## WHAT YOU HAVE TO DO:
A faithful copy is needed of the lines below from the one with "Victory, Says PSG's Sarabia" up to and including the one with "Gabon 2020 Calendar with Holidays"; set it down with no pictures and no other lines.

## INFORMATION SHOWN:

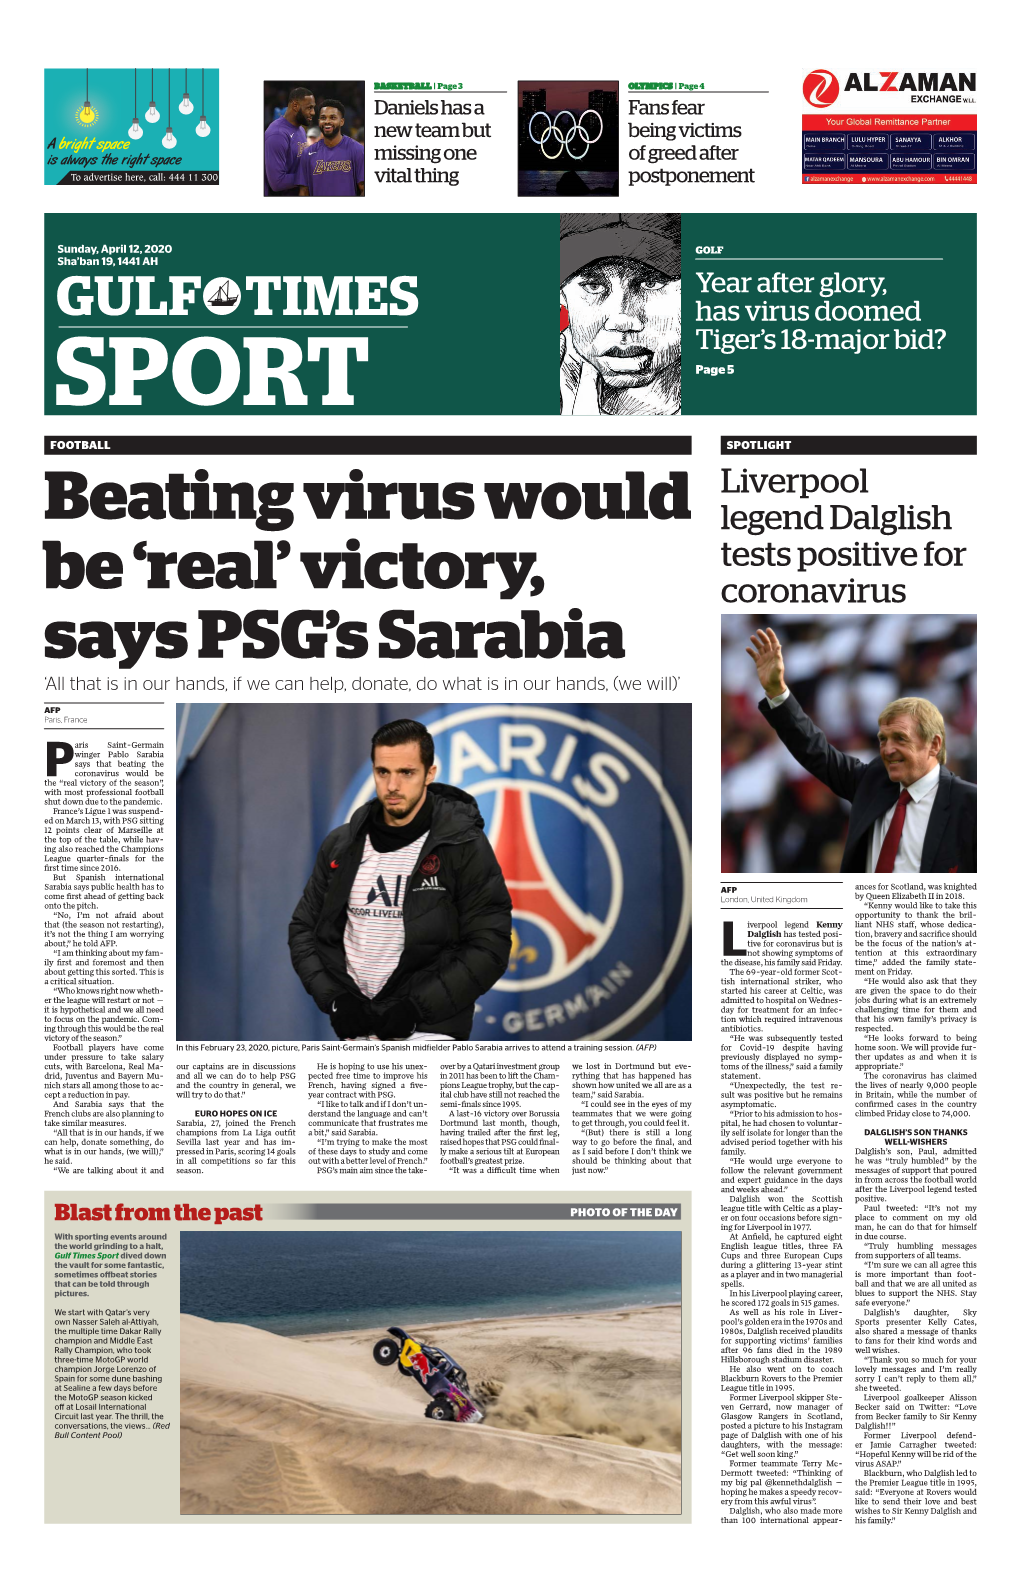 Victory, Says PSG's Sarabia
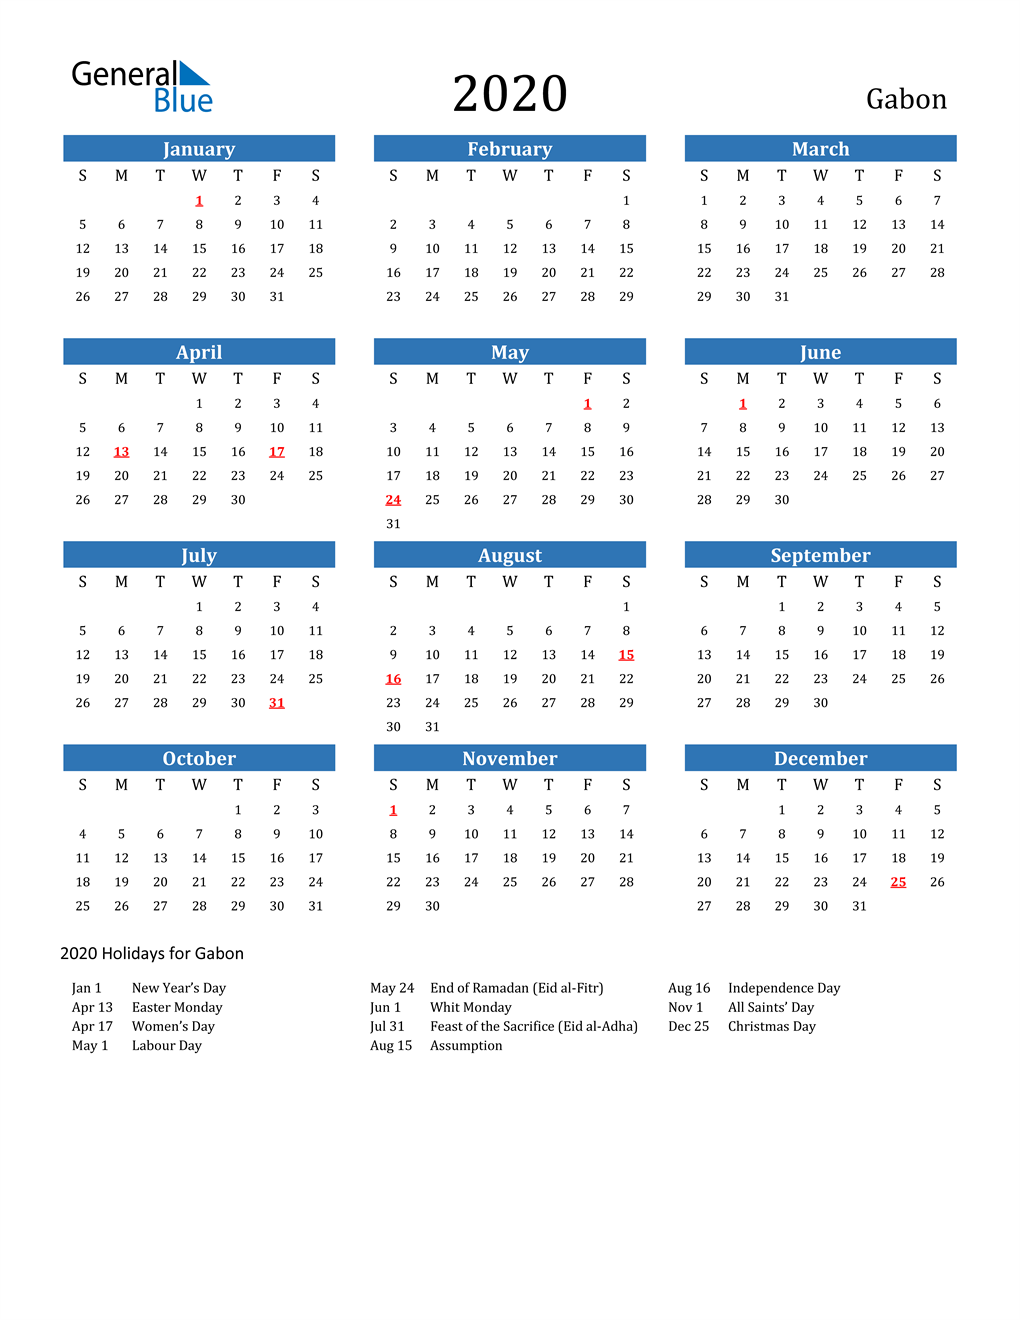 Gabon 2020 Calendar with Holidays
--
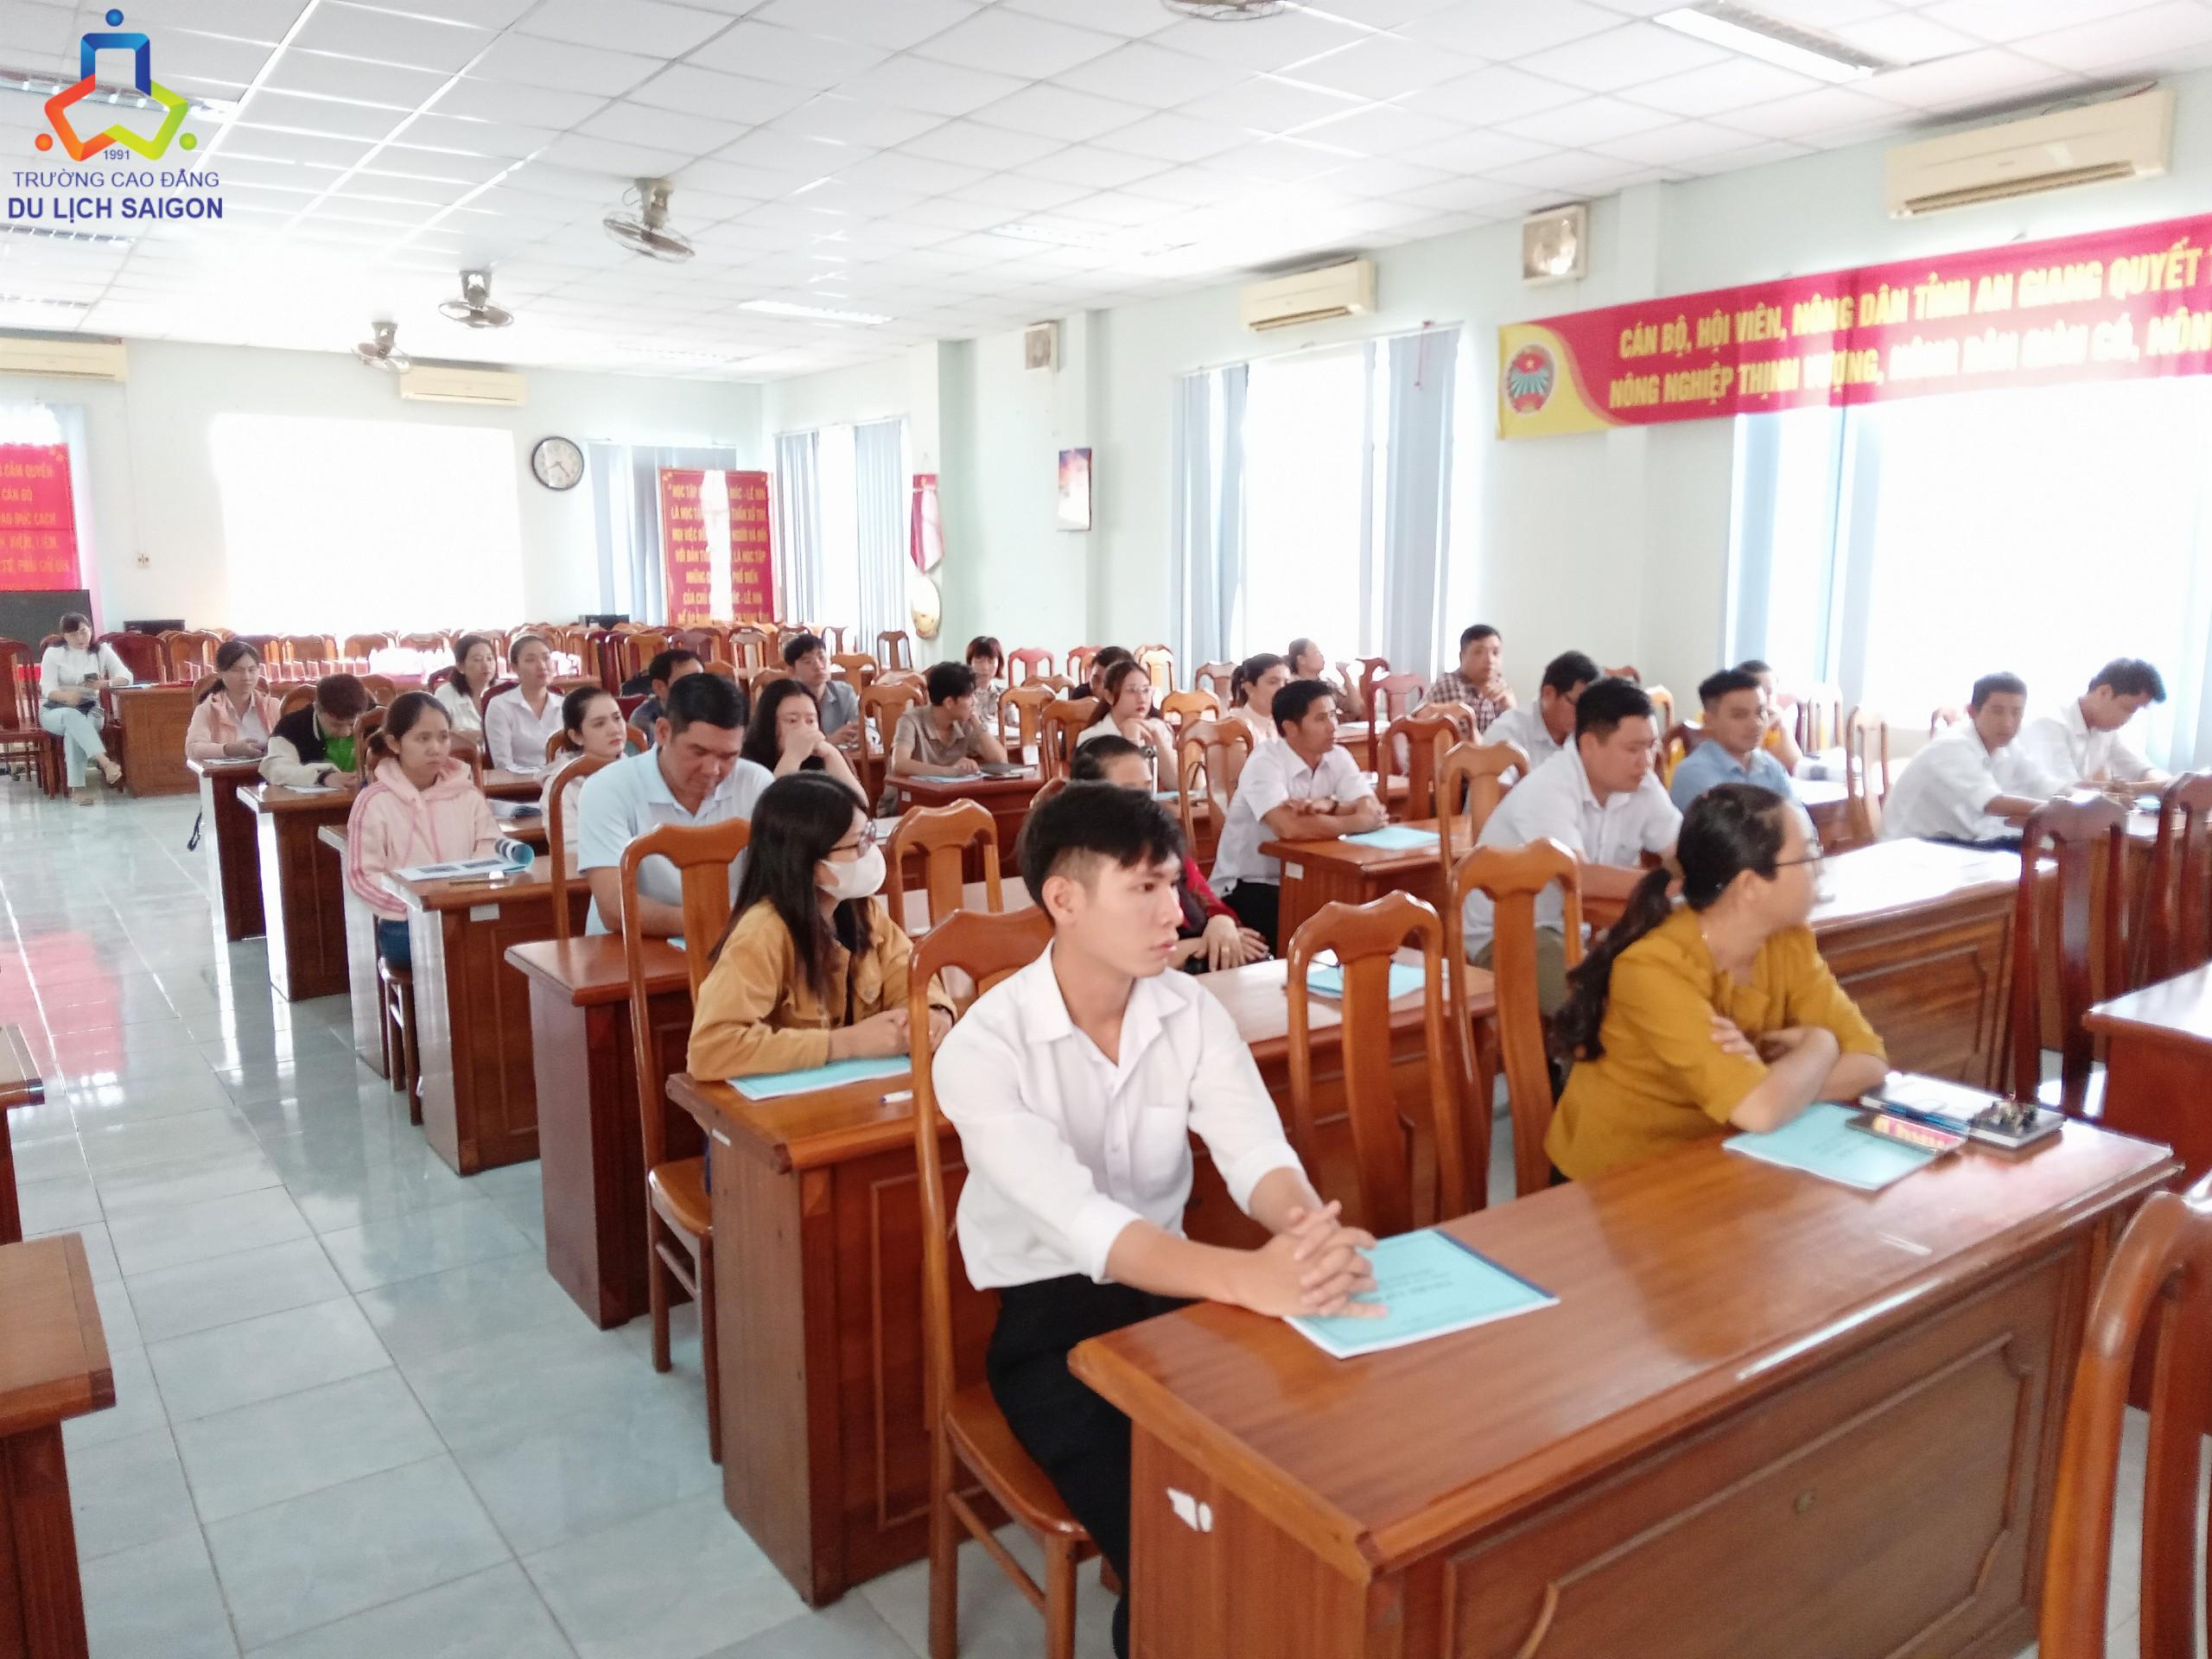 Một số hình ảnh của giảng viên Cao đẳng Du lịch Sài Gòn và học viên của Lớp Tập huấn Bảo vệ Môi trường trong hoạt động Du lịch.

## RESPONSE TO THIS TASK:
 Victory, Says PSG's Sarabia
 Gabon 2020 Calendar with Holidays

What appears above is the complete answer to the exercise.